• [Task] An exact restatement of all the data is required, with the pictures left out.

** Opening Information shown block **

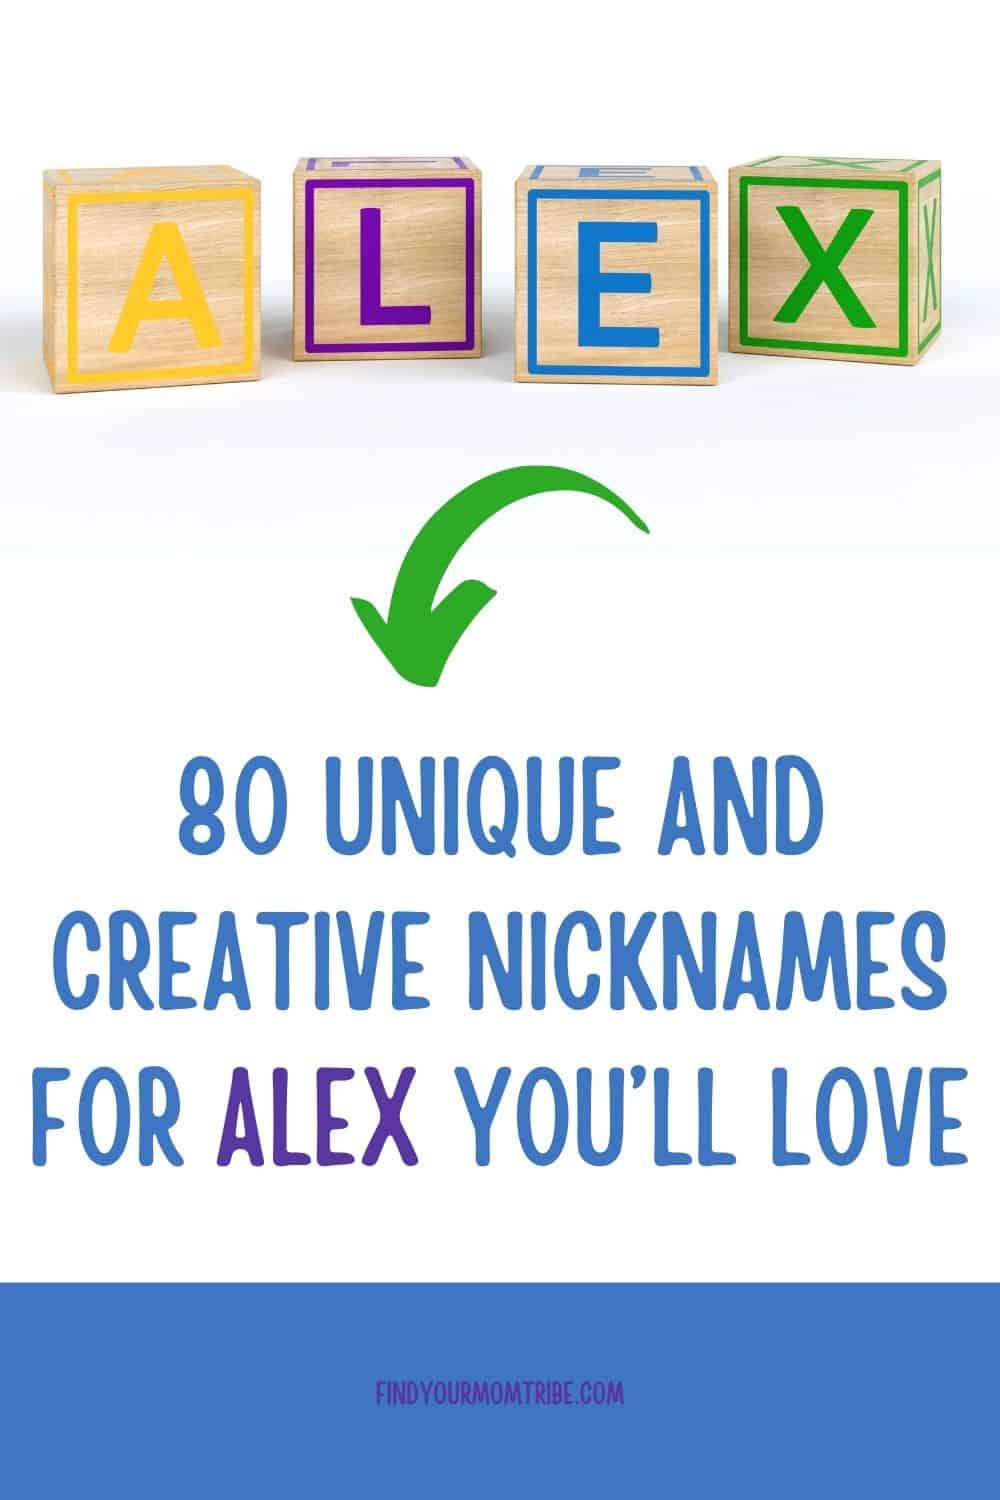  Pinterest nicknames for alex
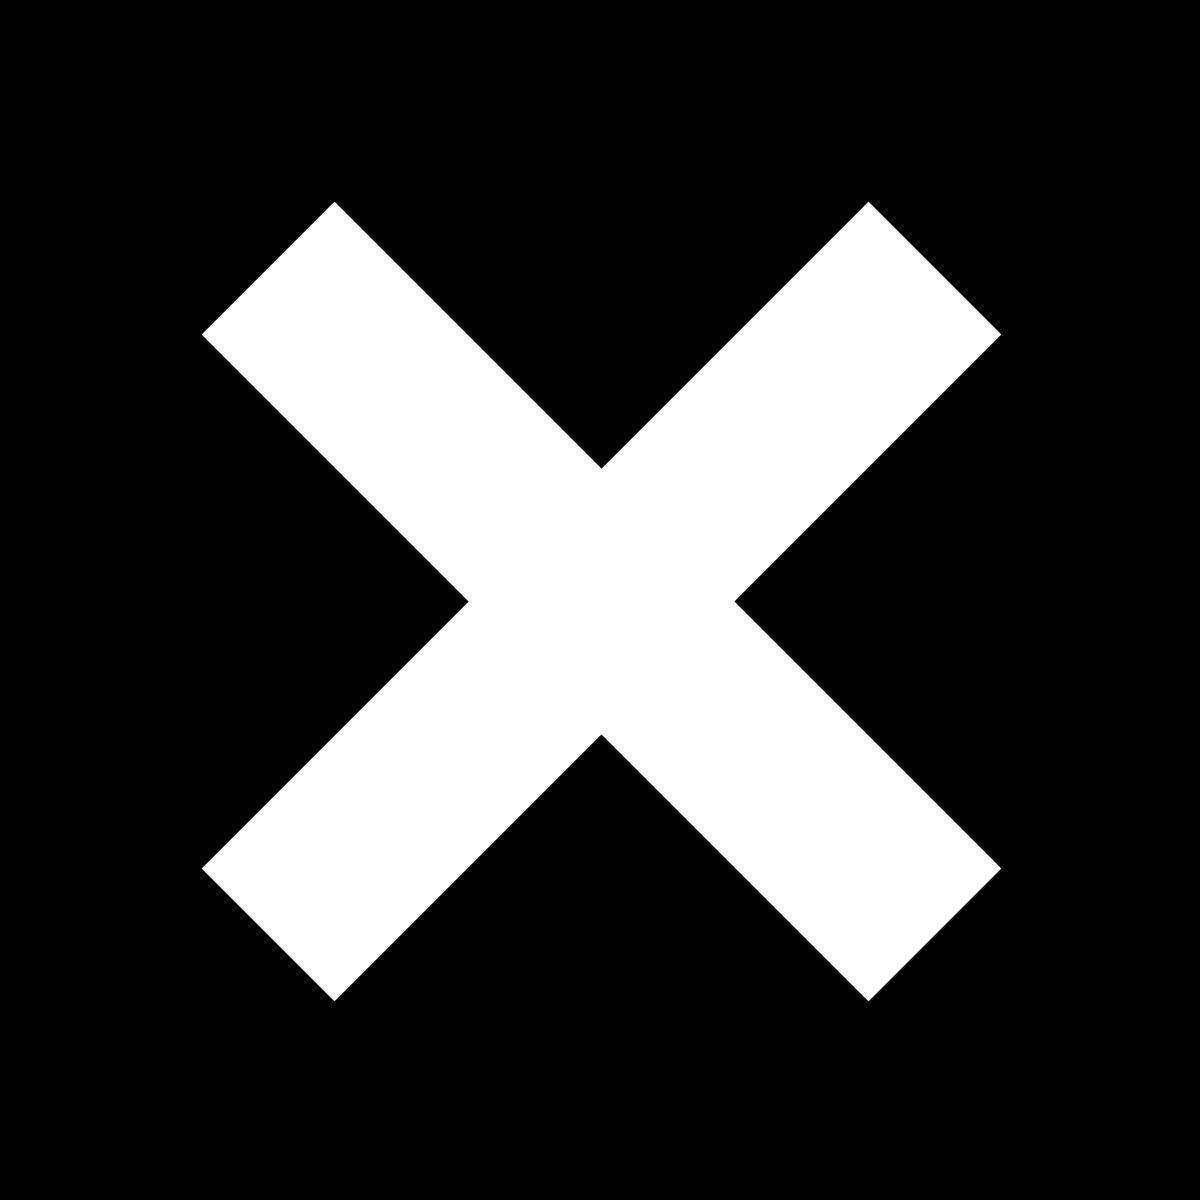 Their first album, 'xx'
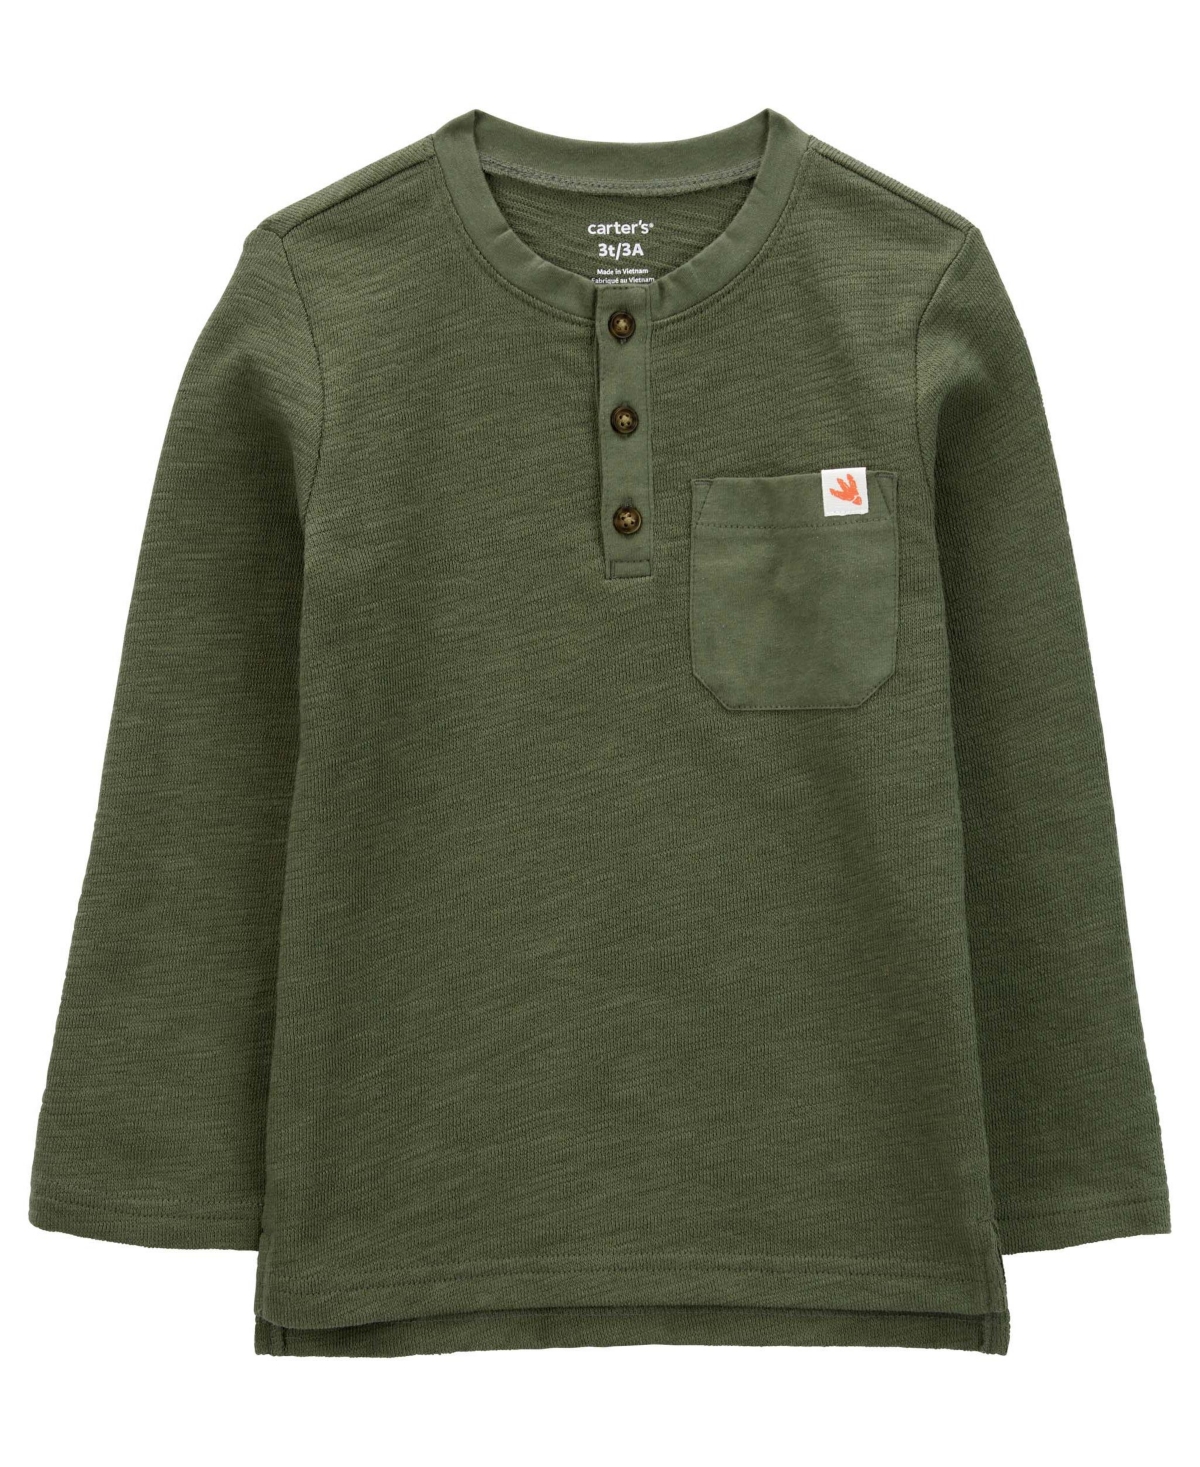 Carter's Babies' Toddler Boys Slub Jersey Pocket Henley Shirt In Green
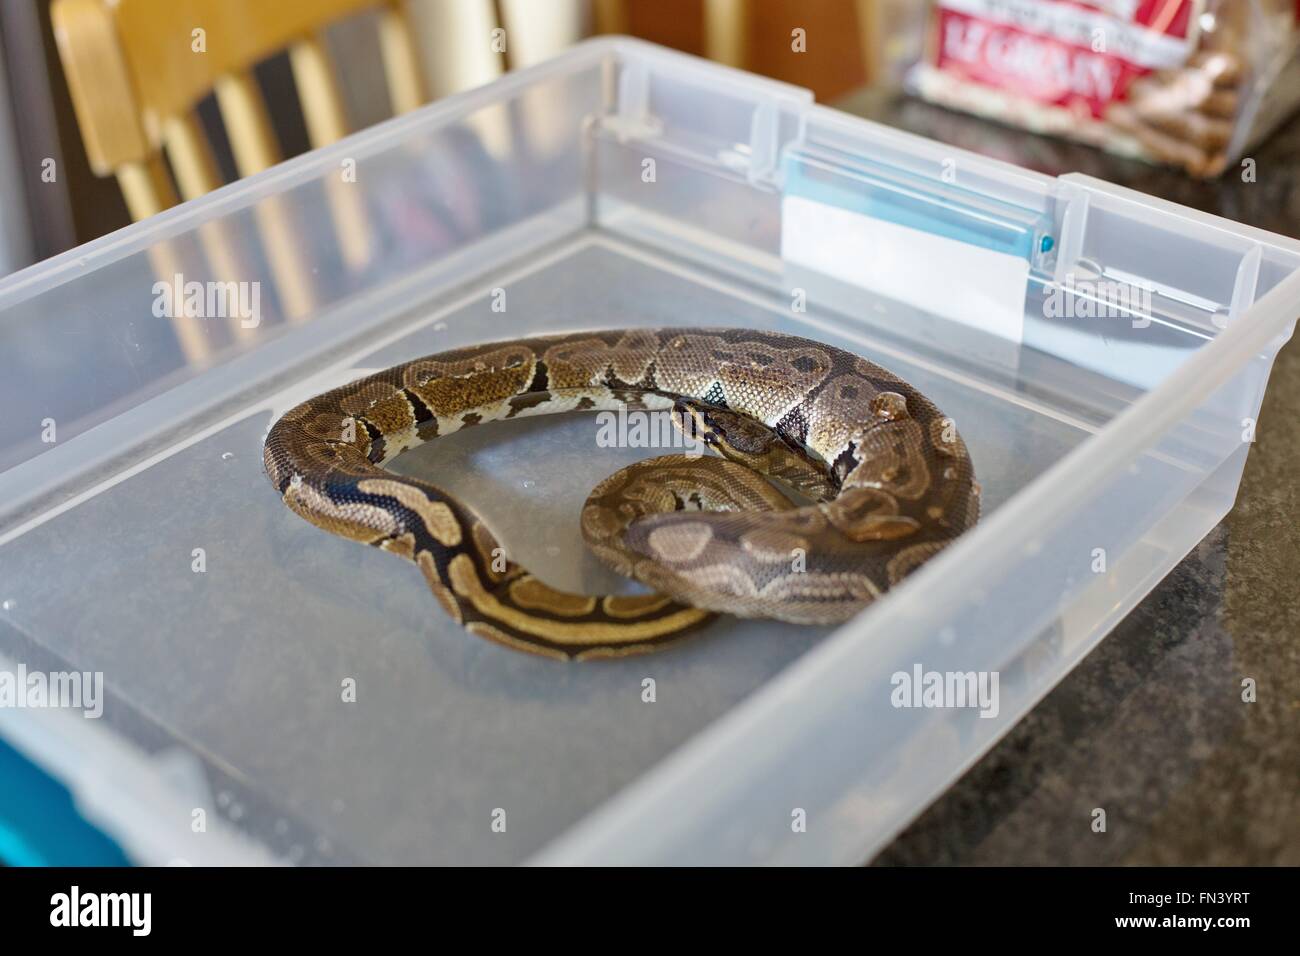 https://c8.alamy.com/comp/FN3YRT/a-small-ball-python-snake-soaking-in-a-tub-of-water-FN3YRT.jpg

** Closing Information shown block **

• [Task output]
  Pinterest nicknames for alex
 Their first album, 'xx'
 Carter's Babies' Toddler Boys Slub Jersey Pocket Henley Shirt In Green
 https://c8.alamy.com/comp/FN3YRT/a-small-ball-python-snake-soaking-in-a-tub-of-water-FN3YRT.jpg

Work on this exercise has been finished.